Operating manual for melting and
tempering machines, type 2T70 & 2T130
Version 2019-1
10
Daily use
The daily operation of the machine will be as follows:
·
Adjust heating thermostat 1a to 45°C.
·
Fill with solid chocolate or buttons.
·
To increase the speed of the Melting Process, the stirrer can be put on, however it is
advisable to ensure that the chocolate has at least partly melted, to avoid jamming the
stirrer blades. At a minimum temperature of 45 °C tempering can be started.
·
Adjust heating thermostat 1a to 31°C.
·
Press black button 2c and the chocolate will be ready to use after 45 minutes.
The tempered chocolate is drained through the valve at the bottom of the machine. To prevent
clogging this valve is separately heated.
As long as the tempered chocolate remains in the machine, the stirrer must be in operation
When the chocolate needs to be re-tempered, or new chocolate needs to be melted again, the
temperature setting on the left-hand heating thermostat 1a is increased to 45°C.
Automatic cut of
In case of an electrical failure, or if the stirrer motor is overloaded, the motor will will
automatically be cut-out and a red warning light, 4d, will turn on for app. 1 minute. As long as
this light is on, the motor cannot start.

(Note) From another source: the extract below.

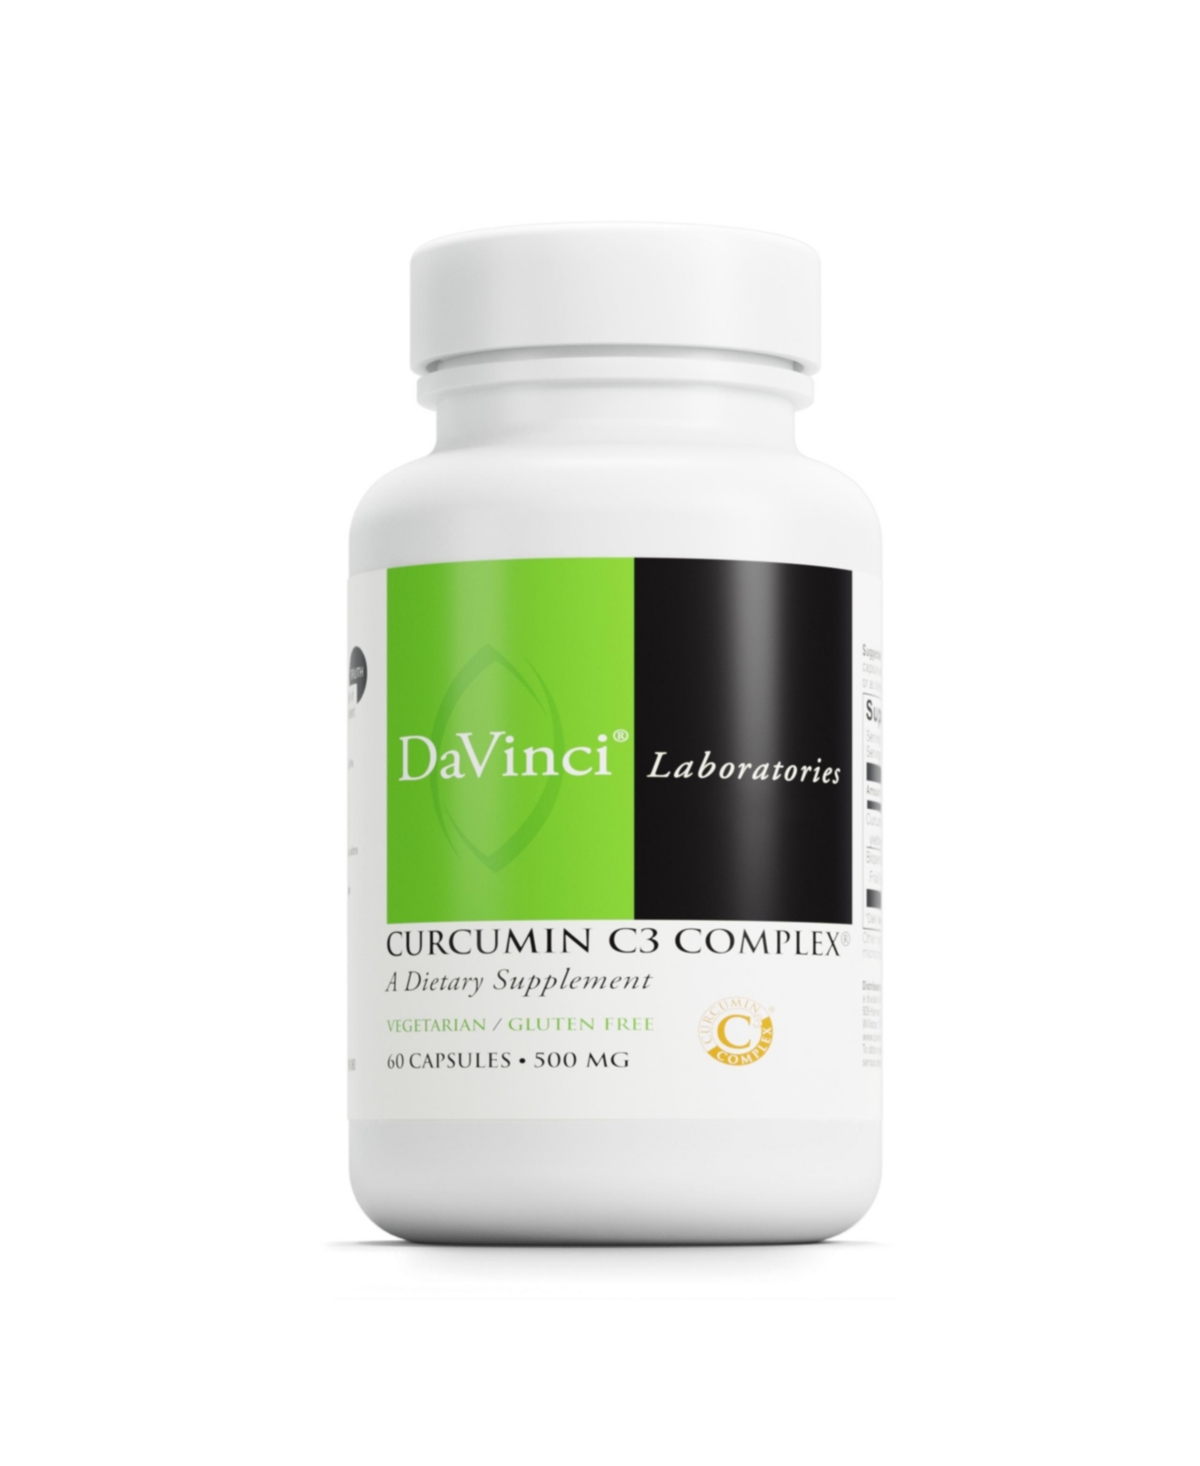 DaVinci Labs Curcumin C3 Complex - Dietary Supplement to Support Gallbladder Function and Healthy Liver - With Curcuminoids and Bioperine Fruit Extrac

The stirrer is protected from abrupt overloading by a tapered shear-pin in the motor shaft. This
can easily be replaced, and a spare shear-pin is delivered with your new machine.
The effect of the water temperature on the tempering
Variations in temperature and pressure of the cooling water may affect the tempering result. The
ideal temperature of the cooling water is 15°C, however a range between 12 °C and 20 °C is
acceptable. A flow of 9 litres per minute at a pressure of 2 bar is reasonable.
When the cooling temperature drops below 12°C, it can cause the over-production of crystals.
The chocolate will “over temper” and result in a lumpy thick chocolate with a low tolerance in
working temperature variation.
When the cooling temperature is more than 20°C, the cooling will take a proportionally longer
time. It can also affect the temper of the chocolate, reducing the 'snap' quality and shine of the
finished chocolate.
In most cases adjustment to the flow of cooling water will take care of any differences.